DATASET CONTENT:

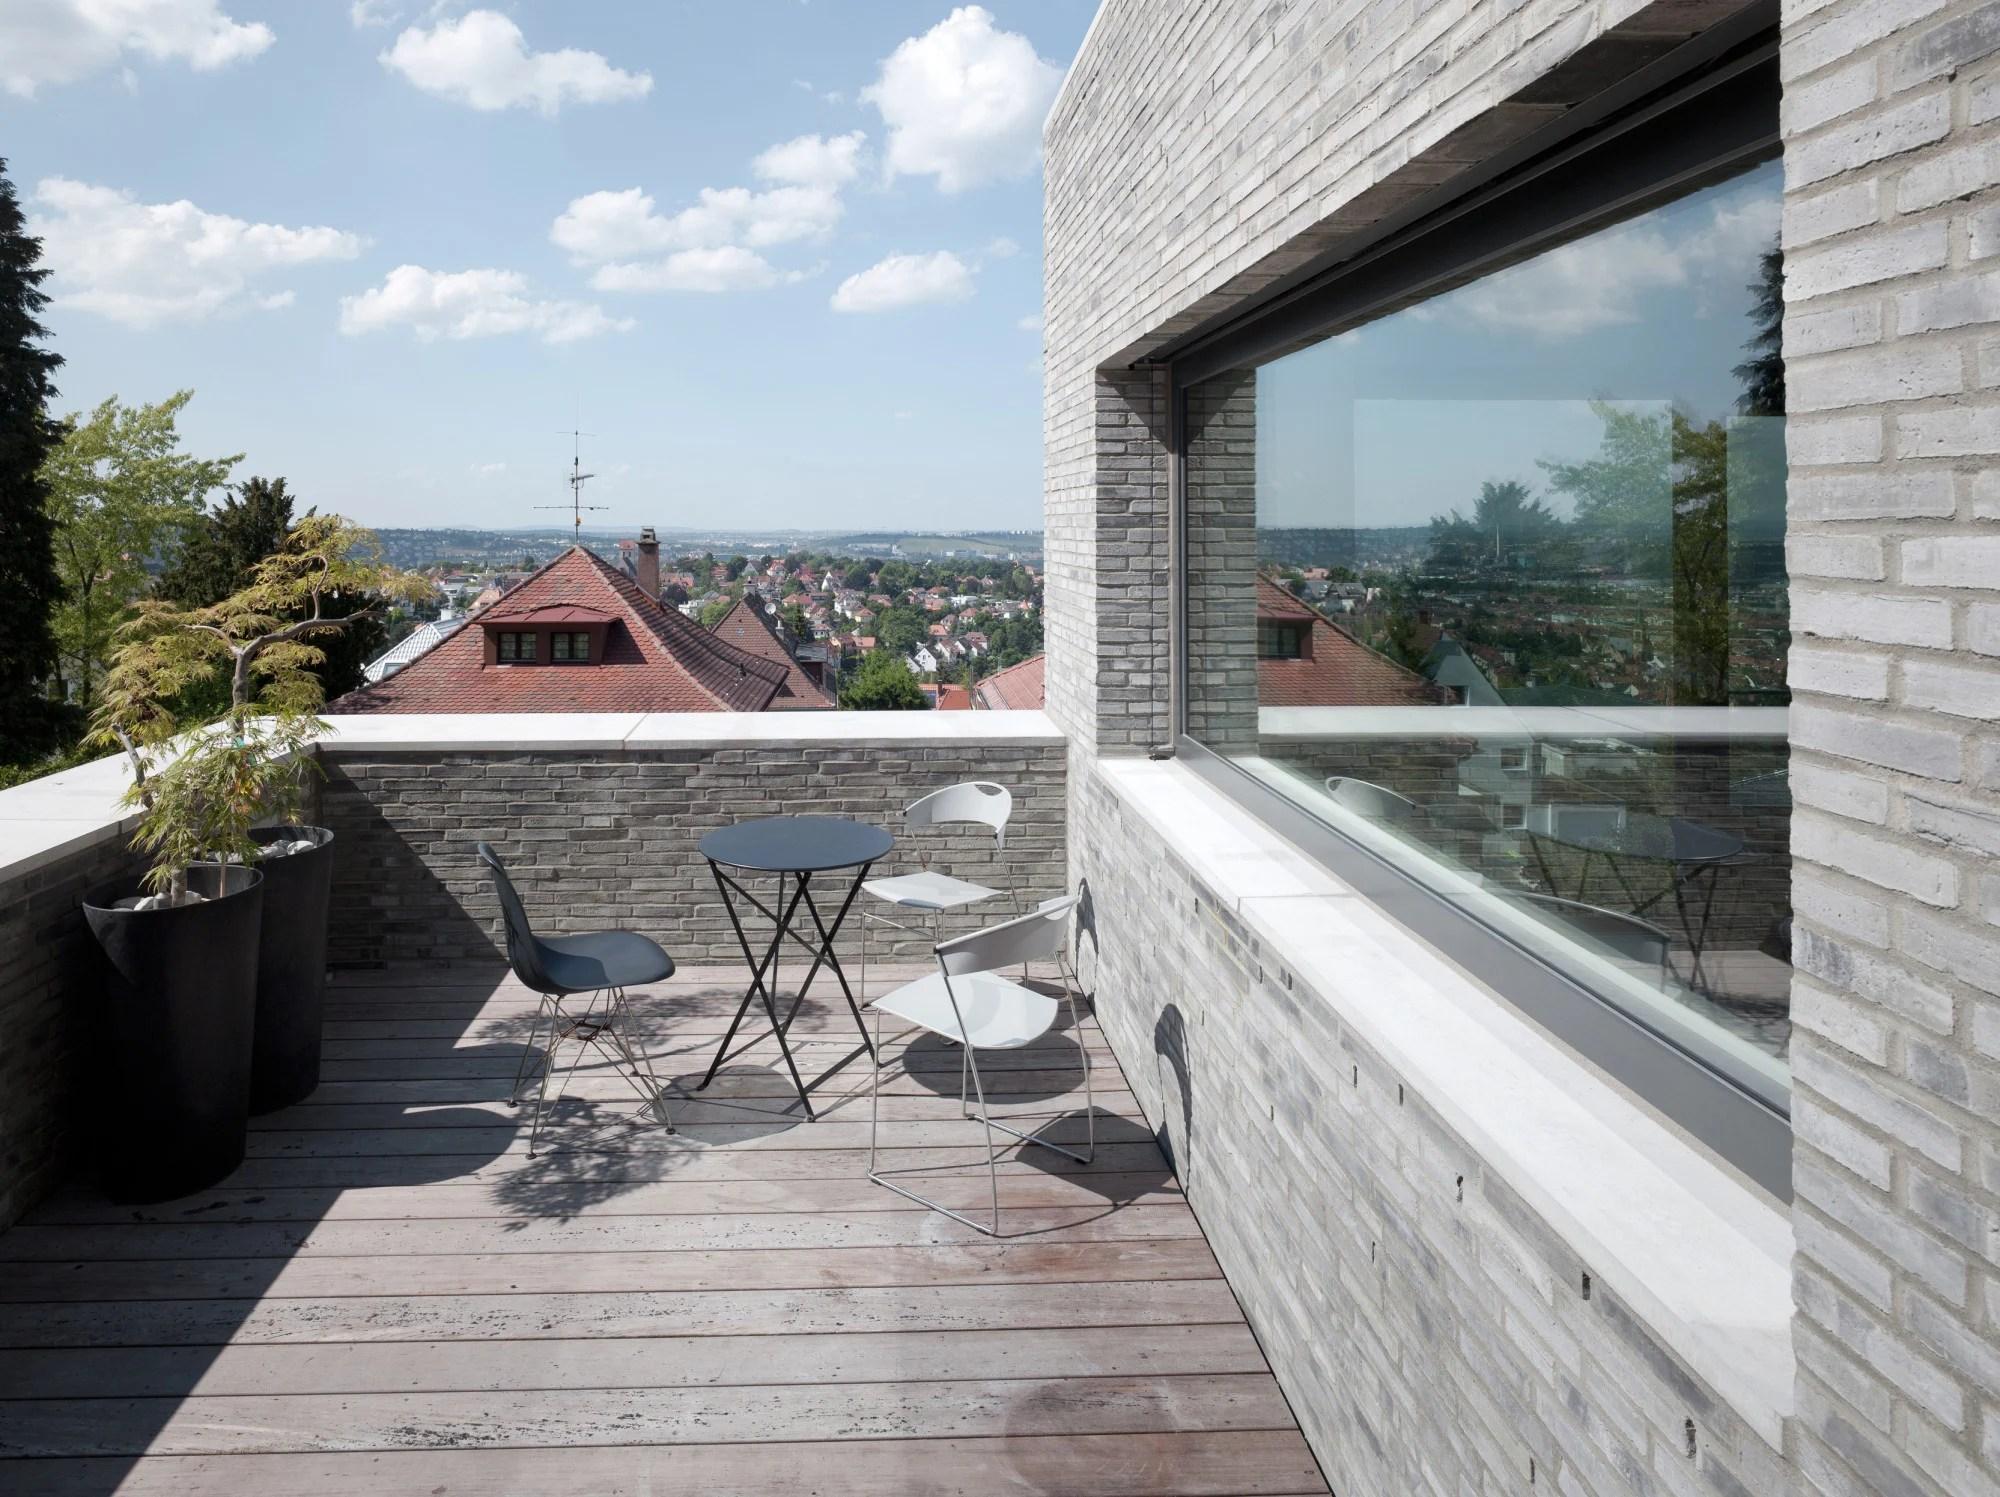 Balkongelander Gemauert Balkon Das Schmuckstuck Am Haus Aus
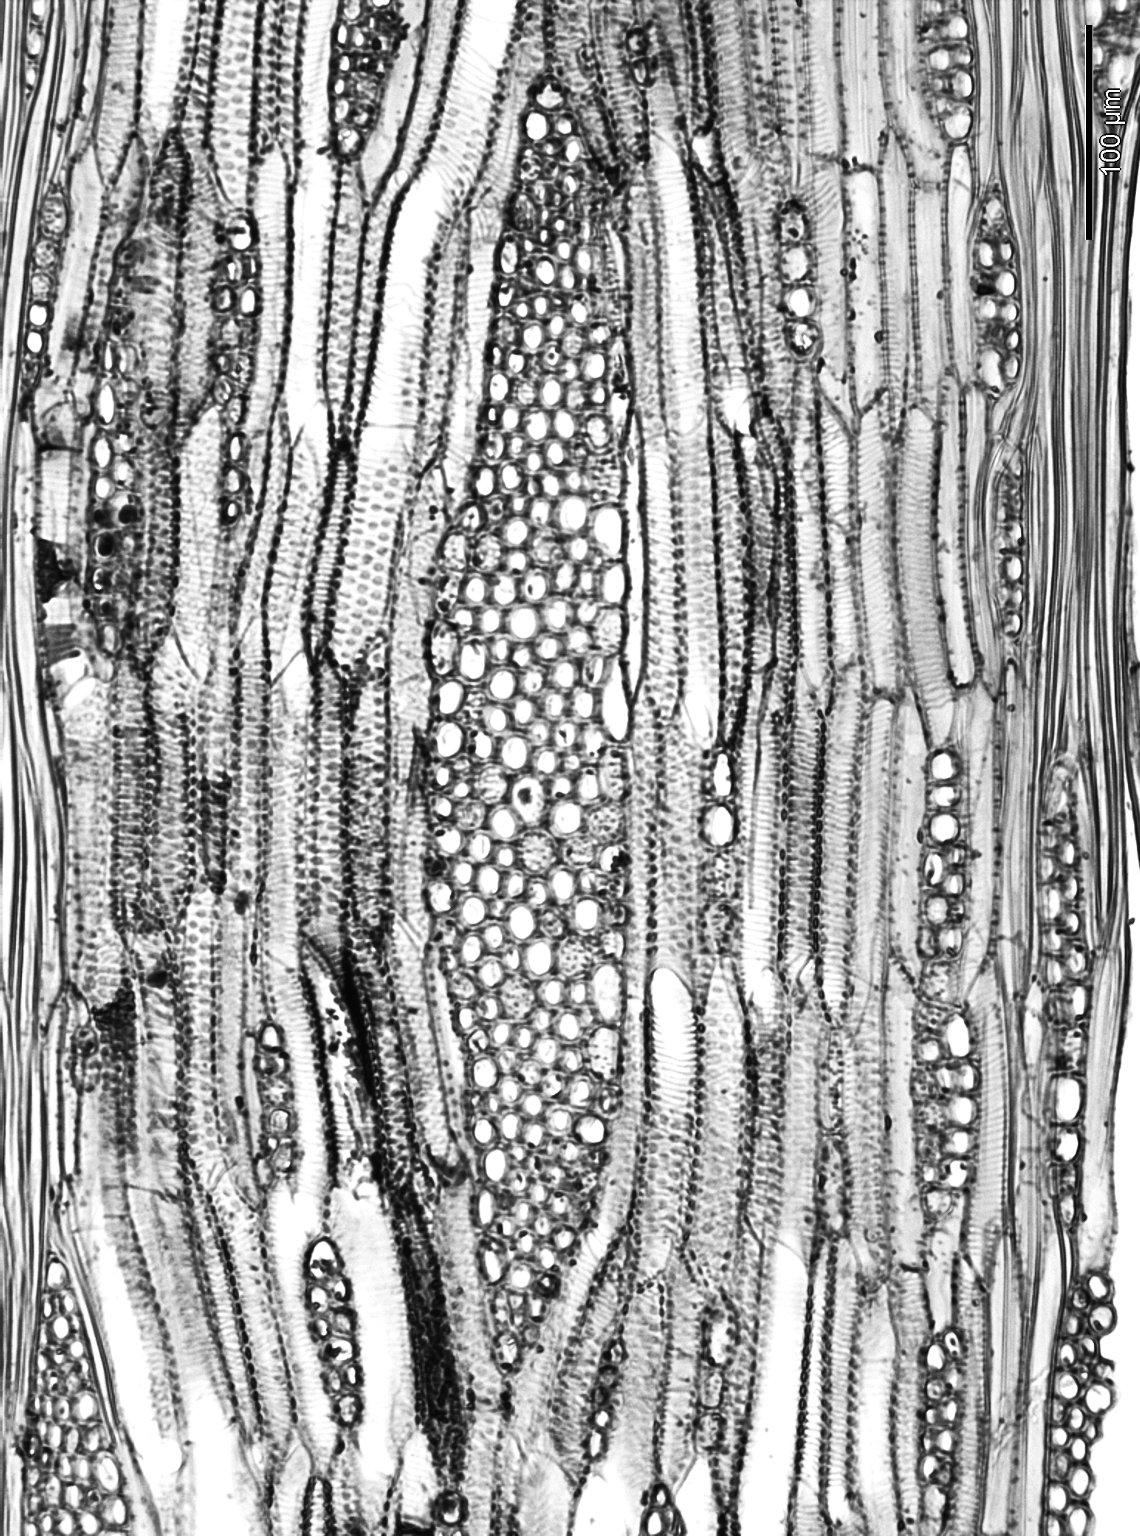 LEGUMINOSAE PAPILIONOIDEAE Cytisus scoparius
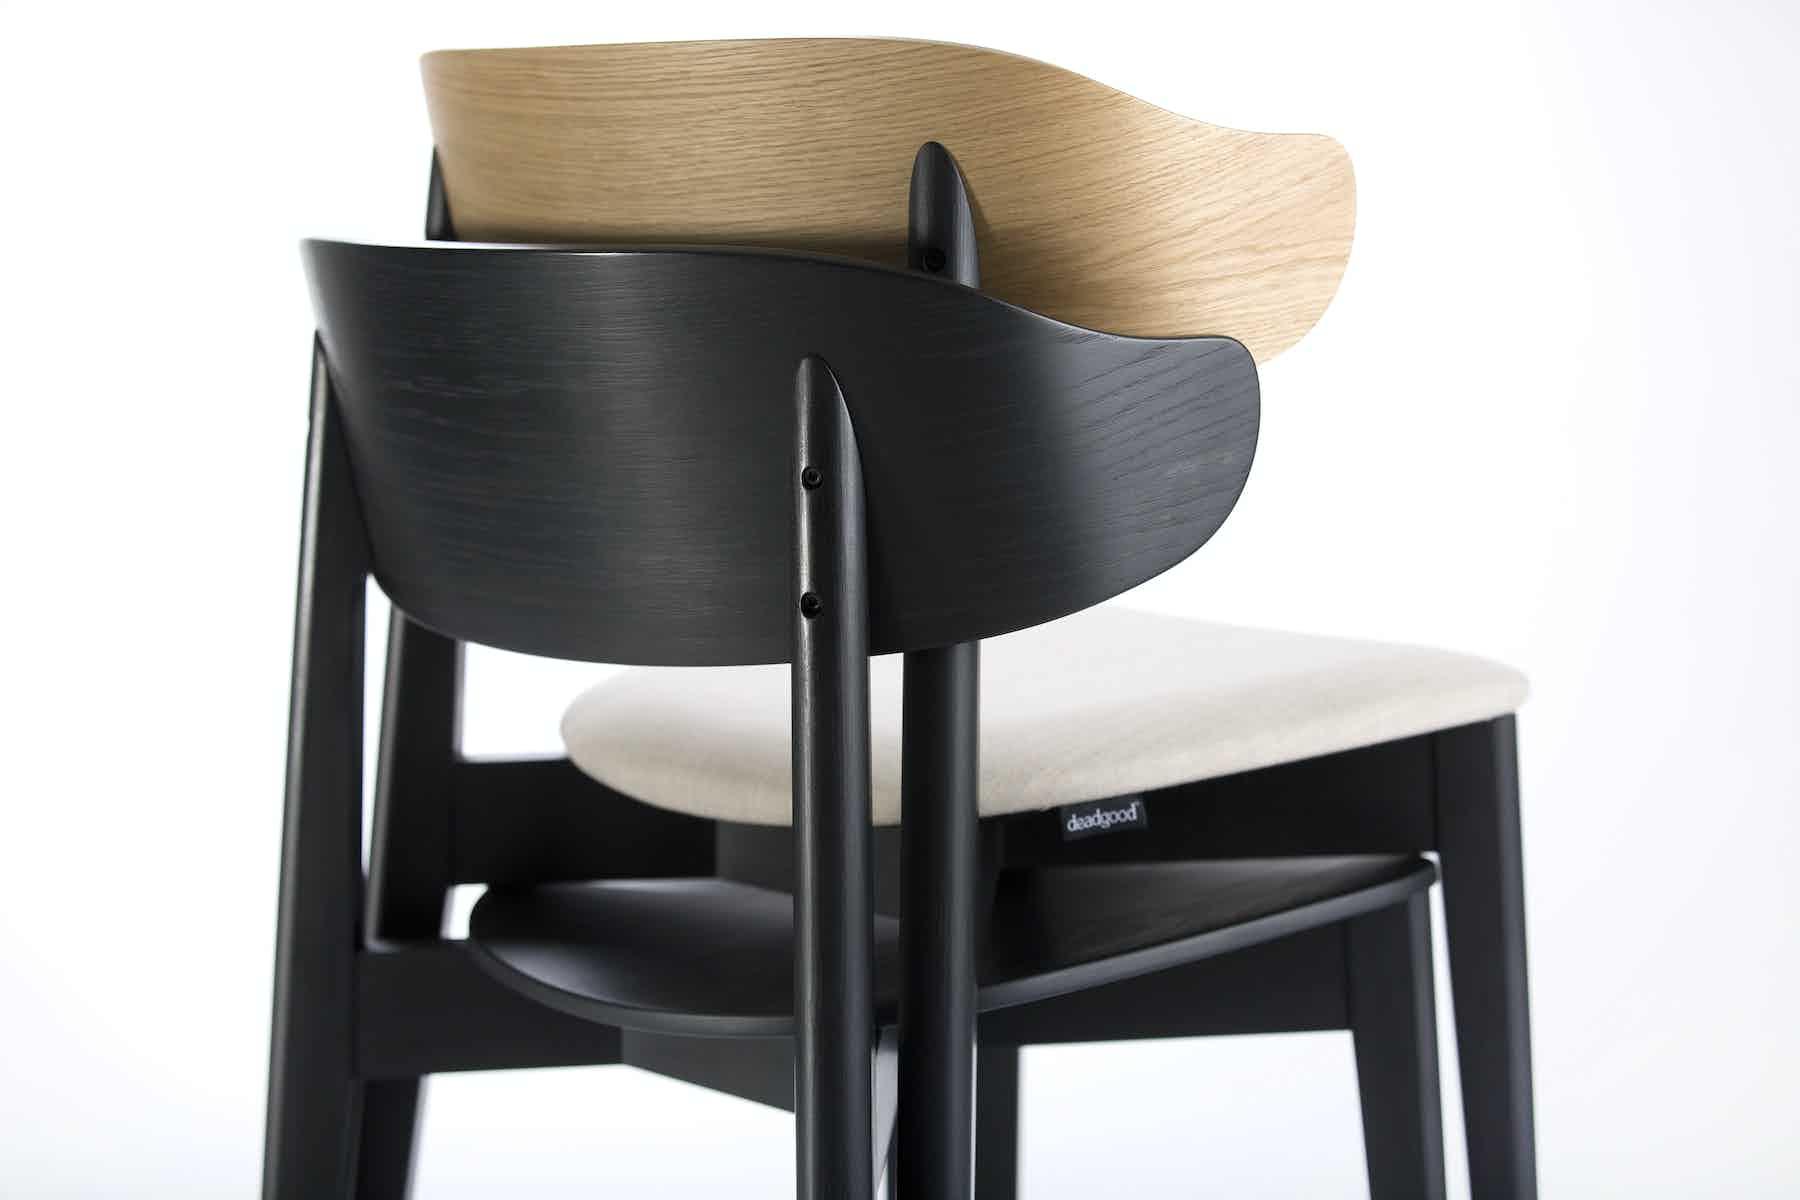 Deadgood-setter-chair-stacked-haute-living

WHAT IS BEING ASKED:
Without any pictures, transcribe the listing above exactly as written.

ANSWER FOR THE TASK:
 Balkongelander Gemauert Balkon Das Schmuckstuck Am Haus Aus
 LEGUMINOSAE PAPILIONOIDEAE Cytisus scoparius
 Deadgood-setter-chair-stacked-haute-living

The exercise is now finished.